Exposing the Desert

Environmental justice in California's Desert Wetland


This story is about the Salton Sea and the people who use it, live by it, are affected by it and seek to heal it.

While grounded in a place, this narrative speaks to the entire region and the wide-ranging environmental health issues found in the southwestern US and northern Mexico. Drying lakes are becoming common environmental and public health concerns in the US, and the Salton Sea is just one example of what can happen when climate change and competing water demands collide to create an environment conducive to wind-blown dust events (Johnston et al. 2019). The Salton Sea is located in southeastern California, in a geologic depression called the Salton Basin which includes the Coachella Valley, the Imperial Valley, the Mexicali Valley, and the Colorado River Delta (Wood ed. 2008). 

The Salton Sea is ecologically a part of the Colorado River watershed which comprises parts of southwestern US and northern Mexico (Vélez-Ibáñez and Heyman 2017). In an effort to colonize the southwest in the 19th century, the US Bureau of Land Reclamation and private investors sought to control the Colorado River watershed (Reisner 1986). From 1905-1907 the Salton Sea was formed when flood waters broke an irrigation canal constructed by the California Development Company.
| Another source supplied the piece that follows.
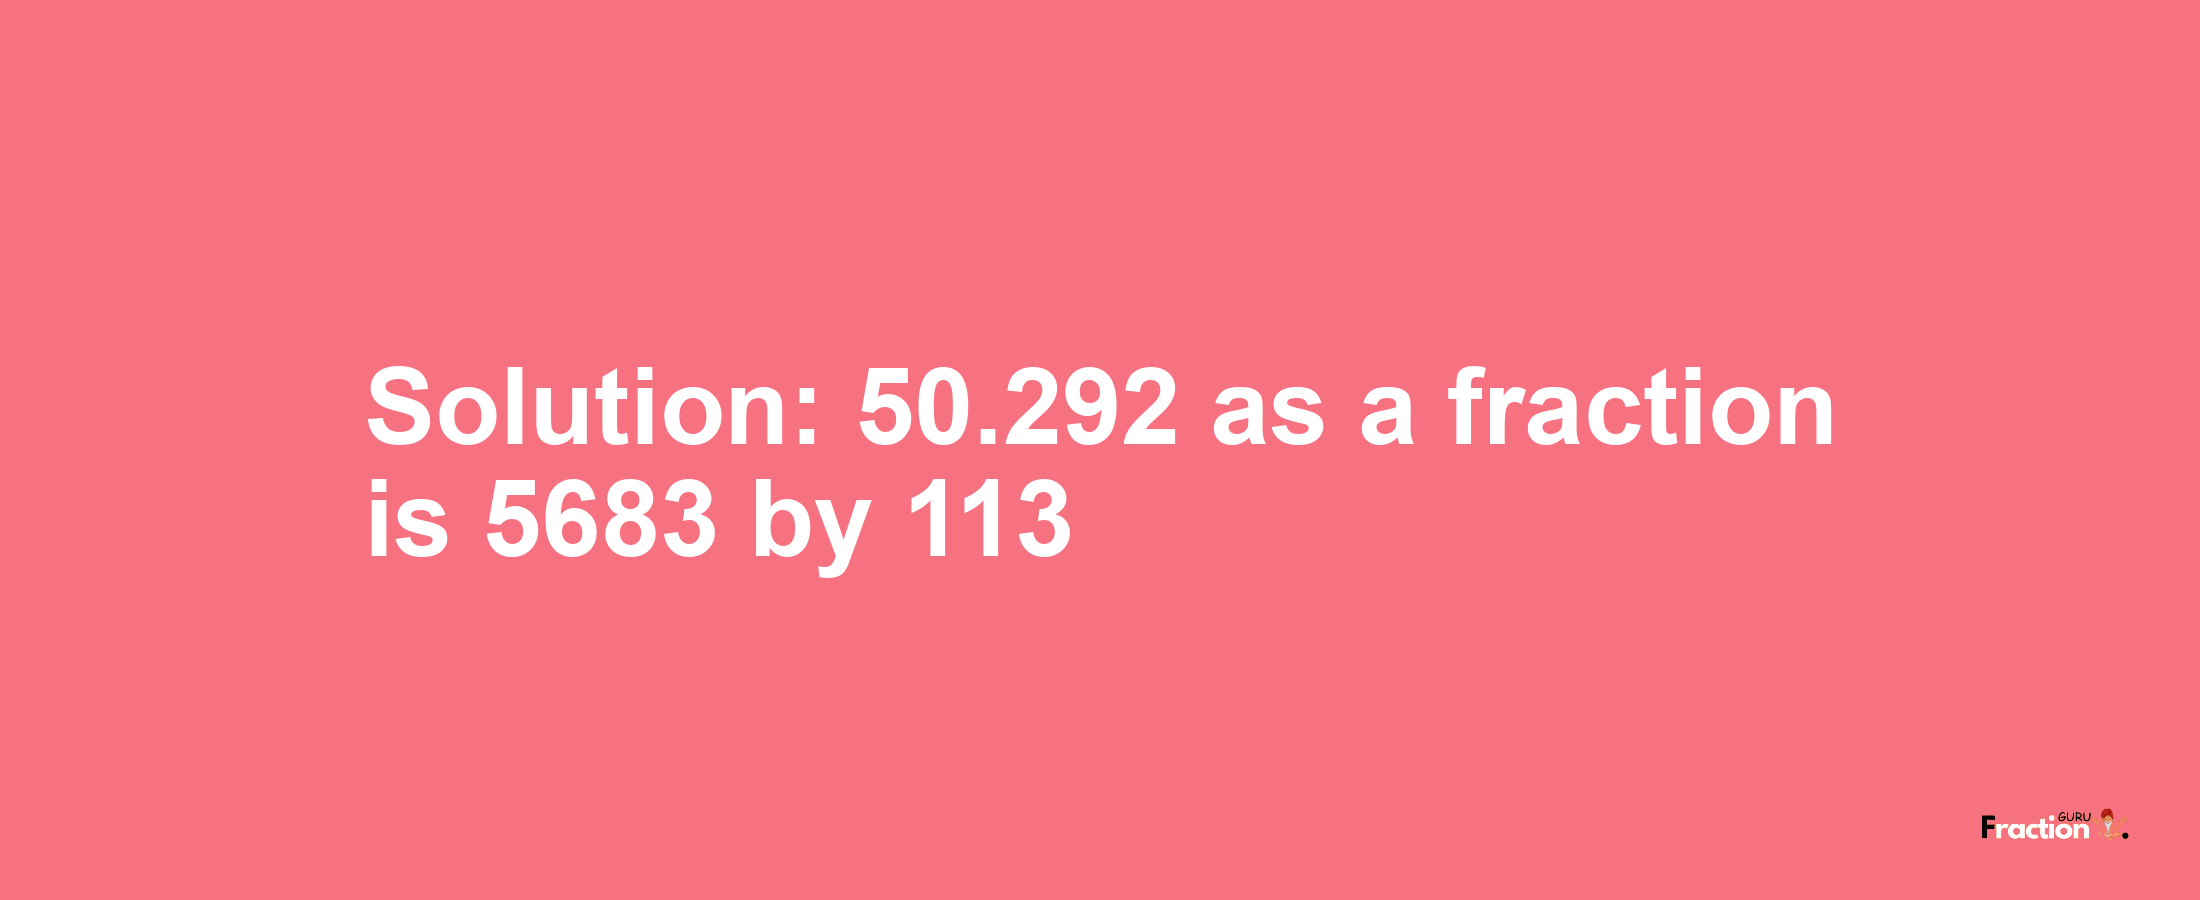 Solution:50.292 as a fraction is 5683/113

After the flood waters were controlled, the Sea was kept in order to maintain farming in the area and is officially designated as a sump, a dump for agroindustrial pollutants (De Buys 1999; Rudy 2005; Cantor and Knuth 2019). Today, the Colorado River’s waters flow through a series of dams, canals, and irrigation ditches passing through thousands of miles of farmland, crossing state and international borders, being used and reused, and collecting salts and pesticides until it reaches the deserts of the Coachella Valley and Imperial Valley (De Buys 1999; Reisner 1986). The agricultural runoff in these valleys and the Alamo and New Rivers then feed the Salton Sea (De Buys 1999; Rudy 2005).  

For almost half a century, the ecological hazards caused by the desiccation of the Salton Sea in southwestern California have been well-documented. Beginning with problems of increasing salinity and unhealthy levels of selenium found in the 1970s and 80s, the continued ecological troubles related to this desert lake reach beyond the shores to affect the lives of the people, largely Native Americans and Latinx immigrants, living in communities located around the lake in both Imperial Valley and the Eastern Coachella Valley.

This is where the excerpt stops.